■ What is required ■
Your answer should consist only of the lines below from the one with "PVcomBank đăng ký bán 4 triệu cp PVD" through the one with "Tradineur - Cinta", copied exactly.

⁂

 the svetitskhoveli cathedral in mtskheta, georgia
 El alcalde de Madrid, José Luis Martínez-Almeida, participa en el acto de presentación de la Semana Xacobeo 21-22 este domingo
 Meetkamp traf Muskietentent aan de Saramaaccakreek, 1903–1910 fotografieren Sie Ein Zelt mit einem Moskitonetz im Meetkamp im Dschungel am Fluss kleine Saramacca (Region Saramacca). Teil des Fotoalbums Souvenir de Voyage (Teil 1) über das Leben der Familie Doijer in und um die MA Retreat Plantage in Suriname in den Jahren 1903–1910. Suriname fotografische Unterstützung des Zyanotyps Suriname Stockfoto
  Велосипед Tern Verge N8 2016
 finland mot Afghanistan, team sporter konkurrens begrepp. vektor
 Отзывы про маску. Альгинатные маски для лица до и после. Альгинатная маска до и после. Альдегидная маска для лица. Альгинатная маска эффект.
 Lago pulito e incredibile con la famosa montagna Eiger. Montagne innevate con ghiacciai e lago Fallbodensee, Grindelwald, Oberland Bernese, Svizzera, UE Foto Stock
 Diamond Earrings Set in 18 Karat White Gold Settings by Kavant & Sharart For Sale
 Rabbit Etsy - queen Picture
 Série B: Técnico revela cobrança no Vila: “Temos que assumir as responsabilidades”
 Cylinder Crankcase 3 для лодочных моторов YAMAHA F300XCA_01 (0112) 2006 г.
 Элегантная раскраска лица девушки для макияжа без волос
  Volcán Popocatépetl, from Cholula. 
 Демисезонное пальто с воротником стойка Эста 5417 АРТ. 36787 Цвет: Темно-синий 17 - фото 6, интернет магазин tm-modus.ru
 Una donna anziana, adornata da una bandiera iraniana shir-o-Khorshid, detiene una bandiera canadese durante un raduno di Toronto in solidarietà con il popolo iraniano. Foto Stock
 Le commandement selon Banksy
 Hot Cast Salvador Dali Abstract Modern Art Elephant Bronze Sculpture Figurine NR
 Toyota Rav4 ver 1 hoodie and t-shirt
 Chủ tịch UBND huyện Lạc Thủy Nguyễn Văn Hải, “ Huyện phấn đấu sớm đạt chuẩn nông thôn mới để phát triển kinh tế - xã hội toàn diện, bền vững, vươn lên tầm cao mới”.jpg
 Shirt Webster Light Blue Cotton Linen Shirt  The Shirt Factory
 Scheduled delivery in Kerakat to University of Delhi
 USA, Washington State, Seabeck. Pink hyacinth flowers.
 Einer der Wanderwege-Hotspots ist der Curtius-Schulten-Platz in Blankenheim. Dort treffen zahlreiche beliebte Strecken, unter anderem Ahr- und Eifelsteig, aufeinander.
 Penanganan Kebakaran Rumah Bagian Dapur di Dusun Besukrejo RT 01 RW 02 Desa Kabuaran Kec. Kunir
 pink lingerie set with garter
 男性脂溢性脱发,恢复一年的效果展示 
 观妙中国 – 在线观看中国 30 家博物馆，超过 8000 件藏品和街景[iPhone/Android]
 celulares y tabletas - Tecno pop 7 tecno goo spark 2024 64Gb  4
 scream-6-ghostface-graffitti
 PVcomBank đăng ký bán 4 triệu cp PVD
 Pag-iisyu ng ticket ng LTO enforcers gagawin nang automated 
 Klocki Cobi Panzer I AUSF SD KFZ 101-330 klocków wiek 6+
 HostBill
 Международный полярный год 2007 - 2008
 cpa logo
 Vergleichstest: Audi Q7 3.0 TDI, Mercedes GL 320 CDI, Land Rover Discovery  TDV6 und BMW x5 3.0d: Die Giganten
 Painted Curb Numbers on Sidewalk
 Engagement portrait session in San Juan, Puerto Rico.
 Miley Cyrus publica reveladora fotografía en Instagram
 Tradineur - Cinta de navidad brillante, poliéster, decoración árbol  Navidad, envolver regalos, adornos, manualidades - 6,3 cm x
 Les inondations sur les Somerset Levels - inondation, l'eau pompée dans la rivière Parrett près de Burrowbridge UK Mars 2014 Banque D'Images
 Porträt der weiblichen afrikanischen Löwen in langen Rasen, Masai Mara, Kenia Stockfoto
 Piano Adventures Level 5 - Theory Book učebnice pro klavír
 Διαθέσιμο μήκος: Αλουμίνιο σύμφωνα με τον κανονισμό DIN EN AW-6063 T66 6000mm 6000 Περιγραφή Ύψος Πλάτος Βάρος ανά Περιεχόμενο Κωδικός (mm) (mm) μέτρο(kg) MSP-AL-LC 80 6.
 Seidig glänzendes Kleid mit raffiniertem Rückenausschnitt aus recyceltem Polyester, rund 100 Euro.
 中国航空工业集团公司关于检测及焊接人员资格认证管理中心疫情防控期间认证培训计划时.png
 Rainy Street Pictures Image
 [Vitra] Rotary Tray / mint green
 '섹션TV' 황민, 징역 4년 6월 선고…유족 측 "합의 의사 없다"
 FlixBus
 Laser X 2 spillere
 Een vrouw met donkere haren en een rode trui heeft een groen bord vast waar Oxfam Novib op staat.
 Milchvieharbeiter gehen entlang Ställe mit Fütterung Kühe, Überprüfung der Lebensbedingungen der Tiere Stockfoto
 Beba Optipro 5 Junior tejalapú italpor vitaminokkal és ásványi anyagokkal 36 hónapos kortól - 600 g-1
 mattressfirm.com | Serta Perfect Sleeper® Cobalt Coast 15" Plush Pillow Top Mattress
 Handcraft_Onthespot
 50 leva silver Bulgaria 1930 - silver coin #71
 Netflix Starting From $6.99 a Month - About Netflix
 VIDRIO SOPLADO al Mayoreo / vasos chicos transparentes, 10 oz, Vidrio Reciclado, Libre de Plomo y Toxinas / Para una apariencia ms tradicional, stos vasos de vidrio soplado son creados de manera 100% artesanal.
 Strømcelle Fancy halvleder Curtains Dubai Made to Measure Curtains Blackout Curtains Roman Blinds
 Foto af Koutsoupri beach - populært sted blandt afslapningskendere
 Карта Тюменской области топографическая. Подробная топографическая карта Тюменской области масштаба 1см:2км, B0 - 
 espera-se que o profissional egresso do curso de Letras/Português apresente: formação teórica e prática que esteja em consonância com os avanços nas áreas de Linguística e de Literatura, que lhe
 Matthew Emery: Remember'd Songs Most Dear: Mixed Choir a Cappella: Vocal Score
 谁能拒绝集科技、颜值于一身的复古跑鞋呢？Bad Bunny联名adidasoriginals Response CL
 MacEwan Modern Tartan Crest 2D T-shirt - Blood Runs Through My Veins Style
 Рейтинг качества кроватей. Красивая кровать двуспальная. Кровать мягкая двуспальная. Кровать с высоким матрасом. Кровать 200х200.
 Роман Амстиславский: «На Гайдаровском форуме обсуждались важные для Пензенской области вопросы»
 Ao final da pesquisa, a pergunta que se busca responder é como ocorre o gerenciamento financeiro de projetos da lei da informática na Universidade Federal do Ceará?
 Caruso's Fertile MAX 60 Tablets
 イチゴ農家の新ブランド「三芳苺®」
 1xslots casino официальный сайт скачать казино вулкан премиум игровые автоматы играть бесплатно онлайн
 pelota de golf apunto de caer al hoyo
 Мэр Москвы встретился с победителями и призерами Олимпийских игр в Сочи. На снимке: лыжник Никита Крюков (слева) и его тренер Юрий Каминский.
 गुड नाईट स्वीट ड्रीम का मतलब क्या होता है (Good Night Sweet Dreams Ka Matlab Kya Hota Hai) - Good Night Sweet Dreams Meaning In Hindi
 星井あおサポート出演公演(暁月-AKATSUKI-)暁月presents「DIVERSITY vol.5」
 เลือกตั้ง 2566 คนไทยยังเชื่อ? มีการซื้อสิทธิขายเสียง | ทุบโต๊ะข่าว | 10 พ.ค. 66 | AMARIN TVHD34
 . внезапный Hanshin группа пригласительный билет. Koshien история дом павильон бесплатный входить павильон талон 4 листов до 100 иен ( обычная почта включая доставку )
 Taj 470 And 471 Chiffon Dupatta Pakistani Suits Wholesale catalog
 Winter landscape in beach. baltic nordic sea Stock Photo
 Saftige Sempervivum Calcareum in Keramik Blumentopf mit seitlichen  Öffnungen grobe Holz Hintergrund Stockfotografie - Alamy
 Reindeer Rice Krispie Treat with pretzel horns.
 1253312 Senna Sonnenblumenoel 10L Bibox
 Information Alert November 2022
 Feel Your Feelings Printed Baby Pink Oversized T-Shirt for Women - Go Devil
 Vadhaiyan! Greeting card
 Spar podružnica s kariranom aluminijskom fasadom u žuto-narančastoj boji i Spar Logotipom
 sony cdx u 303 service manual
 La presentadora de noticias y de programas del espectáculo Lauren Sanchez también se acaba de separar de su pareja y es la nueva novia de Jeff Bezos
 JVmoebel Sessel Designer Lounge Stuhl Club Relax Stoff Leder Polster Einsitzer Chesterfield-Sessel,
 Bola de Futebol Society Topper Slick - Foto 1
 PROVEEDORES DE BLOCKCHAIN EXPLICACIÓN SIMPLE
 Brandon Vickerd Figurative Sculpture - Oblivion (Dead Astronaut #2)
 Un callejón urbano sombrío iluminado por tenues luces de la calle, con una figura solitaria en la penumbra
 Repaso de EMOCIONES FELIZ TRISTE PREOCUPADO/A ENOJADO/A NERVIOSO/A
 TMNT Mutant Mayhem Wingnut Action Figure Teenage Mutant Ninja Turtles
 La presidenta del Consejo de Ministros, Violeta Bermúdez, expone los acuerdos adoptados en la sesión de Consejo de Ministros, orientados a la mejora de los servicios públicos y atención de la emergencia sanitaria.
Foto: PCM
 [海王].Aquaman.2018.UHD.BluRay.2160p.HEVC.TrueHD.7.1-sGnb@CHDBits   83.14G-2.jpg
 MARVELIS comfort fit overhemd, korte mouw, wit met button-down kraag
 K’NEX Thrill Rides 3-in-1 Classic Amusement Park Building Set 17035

⁂

■ Exercise answer ■
 PVcomBank đăng ký bán 4 triệu cp PVD
 Pag-iisyu ng ticket ng LTO enforcers gagawin nang automated 
 Klocki Cobi Panzer I AUSF SD KFZ 101-330 klocków wiek 6+
 HostBill
 Международный полярный год 2007 - 2008
 cpa logo
 Vergleichstest: Audi Q7 3.0 TDI, Mercedes GL 320 CDI, Land Rover Discovery  TDV6 und BMW x5 3.0d: Die Giganten
 Painted Curb Numbers on Sidewalk
 Engagement portrait session in San Juan, Puerto Rico.
 Miley Cyrus publica reveladora fotografía en Instagram
 Tradineur - Cinta de navidad brillante, poliéster, decoración árbol  Navidad, envolver regalos, adornos, manualidades - 6,3 cm x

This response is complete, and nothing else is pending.